Bringing SEM and MSI Closer Than Ever Before: Visualizing Aspergillus and Pseudomonas Infection in the Rat Lungs

J Fungi (Basel). 2020 Oct 30;6(4):257. doi: 10.3390/jof6040257.

Abstract

A procedure for processing frozen rat lung tissue sections for scanning electron microscopy (SEM) from deeply frozen samples initially collected and stored for matrix-assisted laser desorption/ionization mass spectrometry imaging (MALDI-MSI) was developed. The procedure employed slow thawing of the frozen sections while floating on the surface and melting in a fixative solution. After the float-washing step, the sections were dehydrated in a graded ethanol series and dried in a critical point dryer.
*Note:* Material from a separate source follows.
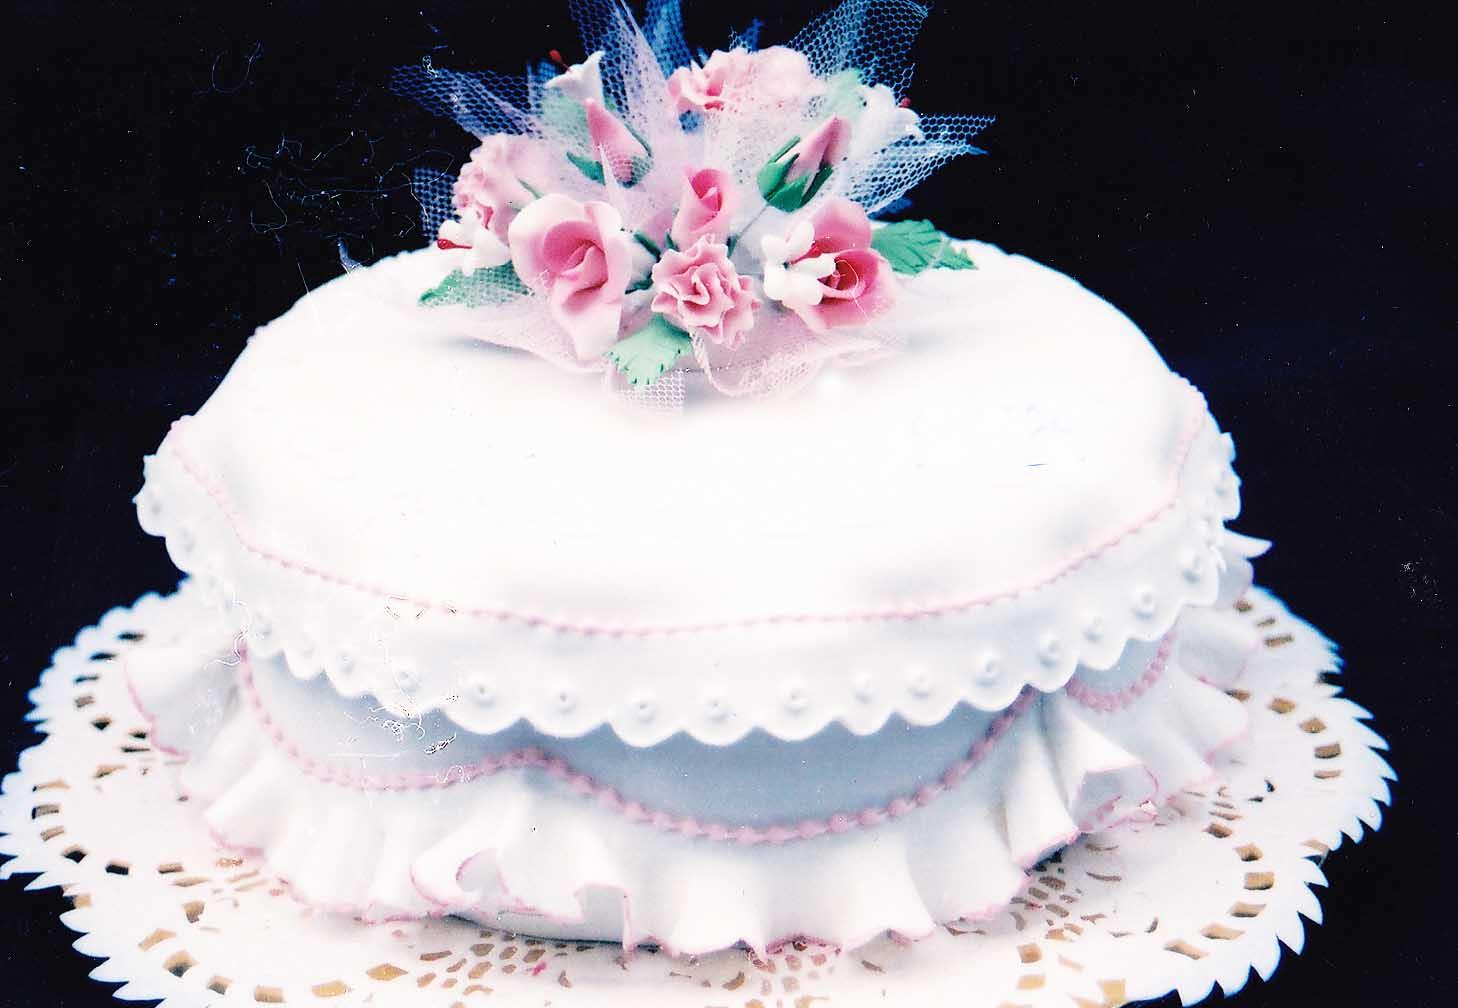 Shantis Homemade Cakes Homemade Wedding Cake With Fondant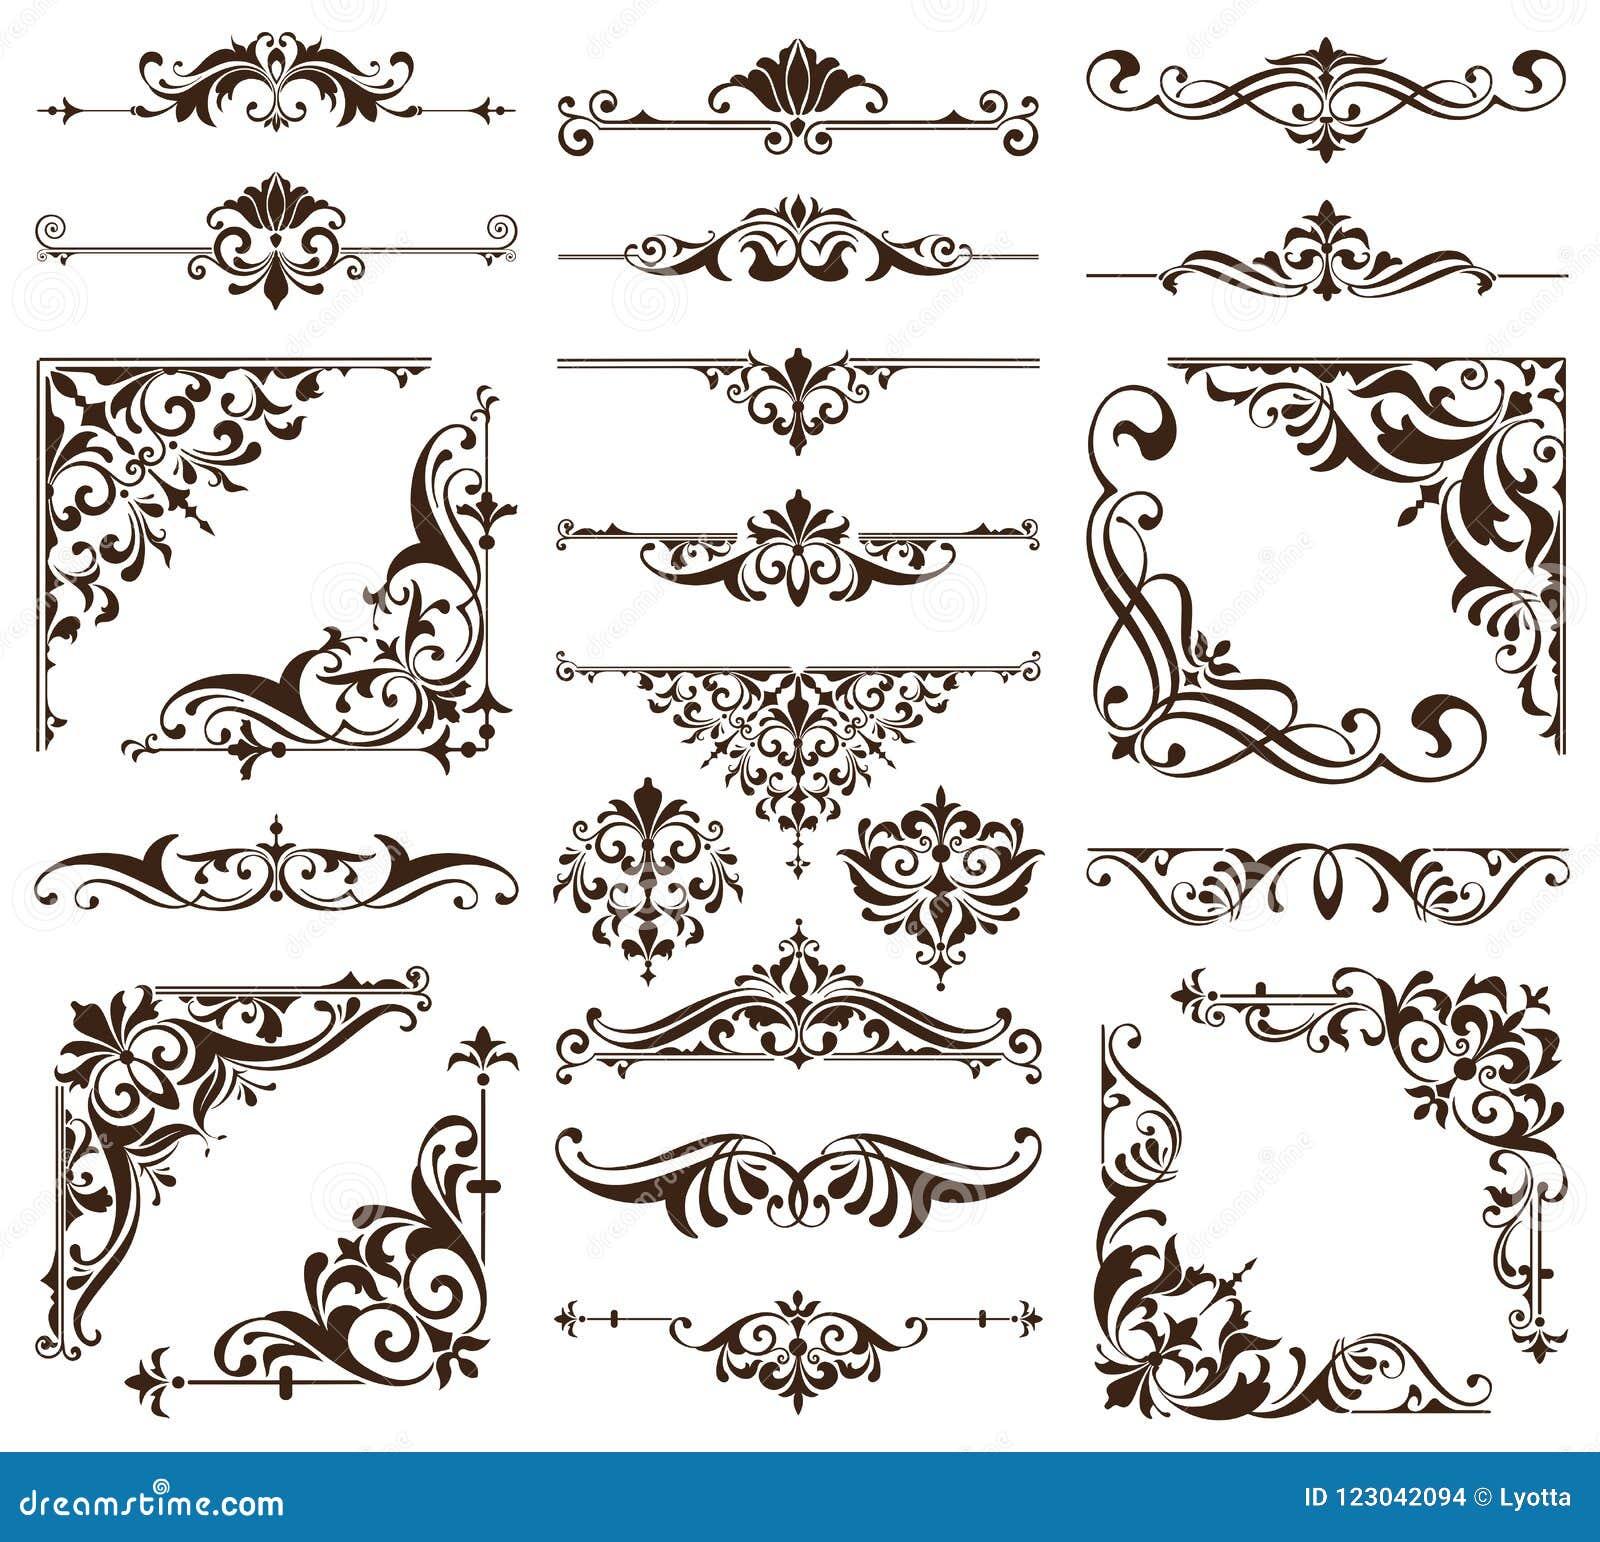 葡萄酒样式墙纸锦缎艺术nouveau装饰花卉设计元素无缝的纹理色的背景

The SEM generated images with well-preserved structures, allowing for monitoring of bacterial cells and fungal hyphae in the infected tissue. Importantly, the consecutive nonfixed frozen sections were fully compatible with MALDI-MSI, providing molecular biomarker maps of Pseudomonas aeruginosa. The protocol enables bimodal image fusion in the in-house software CycloBranch, as demonstrated by SEM and MALDI-MSI.

Keywords: bacteria; fixation; fungi; matrix-assisted laser desorption/ionization mass spectrometry imaging; rat lung tissue; scanning electron microscopy.